Business Efforts Help City Earn EPA ‘Green Power’ Designation
Efforts by Fortune 500 companies, including Hewlett-Packard and FedEx Kinko’s, as well as those by smaller businesses and residents combined to earn the city of Corvallis, Ore., the distinction of being named the first Green Power Community on the West Coast by the Environmental Protection Agency.
Efforts by Fortune 500 companies, including Hewlett-Packard and FedEx Kinko’s, as well as those by smaller businesses and residents combined to earn the city of Corvallis, Ore., the distinction of being named the first Green Power Community on the West Coast by the Environmental Protection Agency.
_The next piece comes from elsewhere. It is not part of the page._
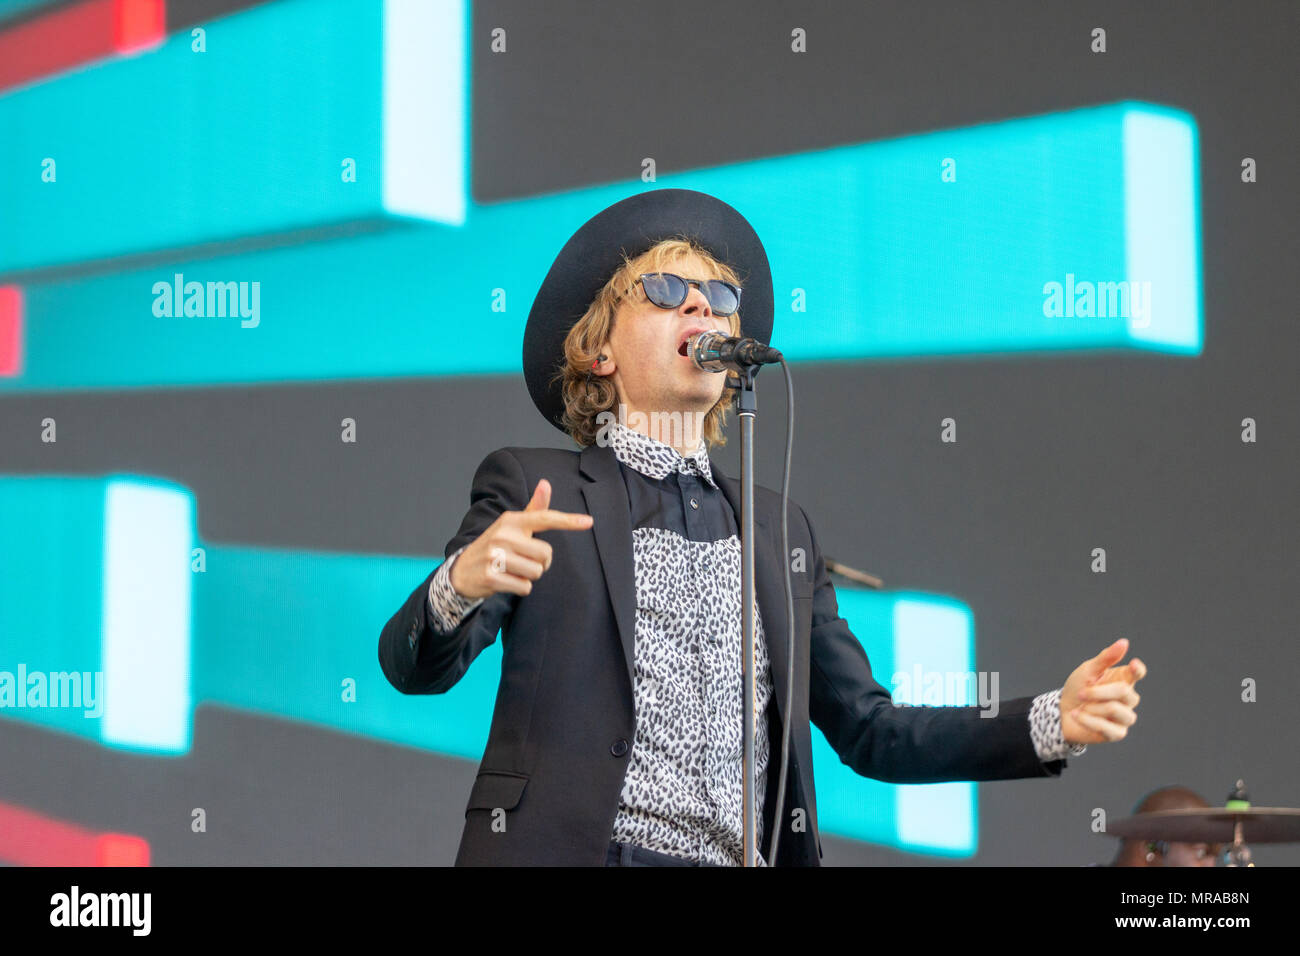 London, UK, 25 May 2018. Beck Hansen, known professionally as Beck, is an American singer, songwriter, rapper, record producer, and multi-instrumentalist. He is mostly known for his musical composition, as well as a palette of sonic genres. Credit: Darron Mark/Alamy Live News Stock Photo

“While other communities are beginning to buy green power to support clean, renewable sources of electricity, Corvallis is the first Northwest community to join the Green Power Partnership and purchase clean energy at a level high enough to meet the program’s requirements,” says Matt Clouse, director of the U.S. Environmental Protection Agency’s Green Power Partnership.
Corvallis ranks first among Oregon cities for the percentage of customers supporting renewable energy through an optional renewable energy program — Pacific Power’s Blue Sky. There are 2,811 households and 93 businesses enrolled in the Blue Sky program, which accounts for nearly 12.5 percent of the company’s customer base in the Corvallis area. The city itself purchases 75,000 kilowatt-hours of Blue Sky wind energy each month.
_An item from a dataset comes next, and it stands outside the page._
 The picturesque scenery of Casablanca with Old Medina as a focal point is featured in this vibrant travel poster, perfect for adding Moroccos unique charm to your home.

Purchases of green power by business and residents will reduce carbon dioxide emissions by 1,718 tons, which has the benefit of taking 3,531 cars off the road or planting 337,364 trees every month.
“Eight years ago, just 24.5 megawatts of renewable energy served customers in the Pacific Northwest, and today there are more than 1,000 megawatts of clean energy generation,” said Diane Zipper, director of green power programs for the Renewable Northwest Project, a nonprofit renewable energy advocacy group.
The future for renewables continues to be strong. Zipper says approximately 430 megawatts of new wind projects are under construction in Oregon and Washington. Throughout the region, approximately 1,450 additional megawatts have received building permits. “Customer support for green power programs definitely has helped bring some of these new projects online,” she said.
“While clean electricity sources are capable of supplying a large amount of the country’s electrical supply, today less than 2 percent comes from non-hydro renewable energy sources,” Clouse says. “A major component of EPA’s Green Power Partnership’s mission is to increase the amount of electricity produced from clean, renewable sources. To do this, we all need to work together to make it happen.”